Question

# You want to prepare an aqueous solution of glycerol, C3H5(OH)3, in which the mole fraction of...

You want to prepare an aqueous solution of glycerol, C3H5(OH)3, in which the mole fraction of the solute is .093. What mass of glycerol must you add to 425g of water to make this solution?
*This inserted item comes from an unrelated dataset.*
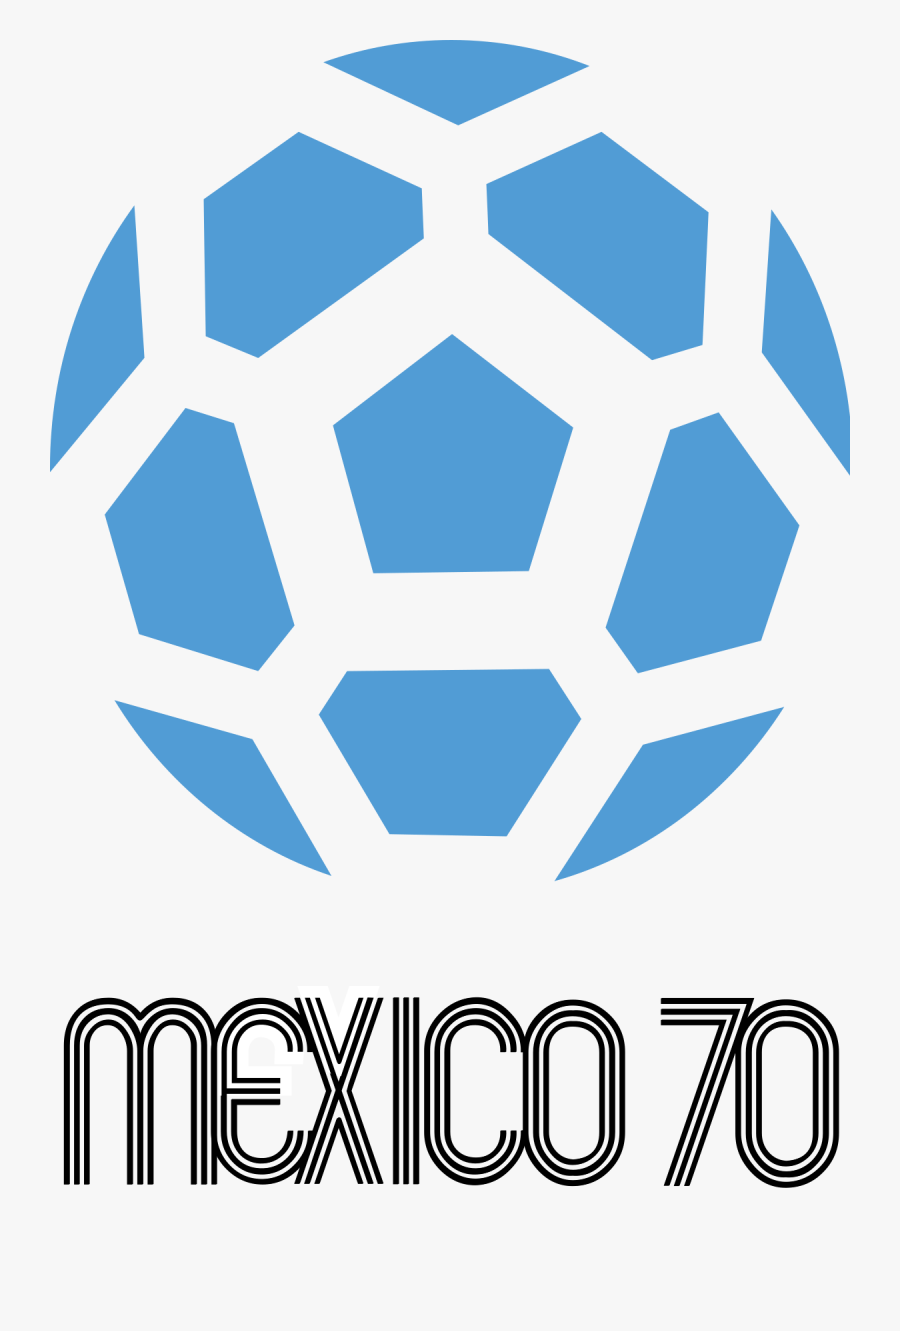 1970 Fifa World Cup Logo, Transparent Clipart

What is the molality of the solution?

1)

Molar mass of H2O,

MM = 2*MM(H) + 1*MM(O)

= 2*1.008 + 1*16.0

= 18.016 g/mol

mass(H2O)= 425 g

use:

number of mol of H2O,

n = mass of H2O/molar mass of H2O

=(4.25*10^2 g)/(18.02 g/mol)

= 23.59 mol

Mole fraction of water = 1 - mole fraction of glycerol

= 1 - 0.093

= 0.907

Mole fraction of water = mol of H2O / (mol of H2O + mol of glycerol)

0.907 = 23.59 / ( 23.59 + mol of glycerol)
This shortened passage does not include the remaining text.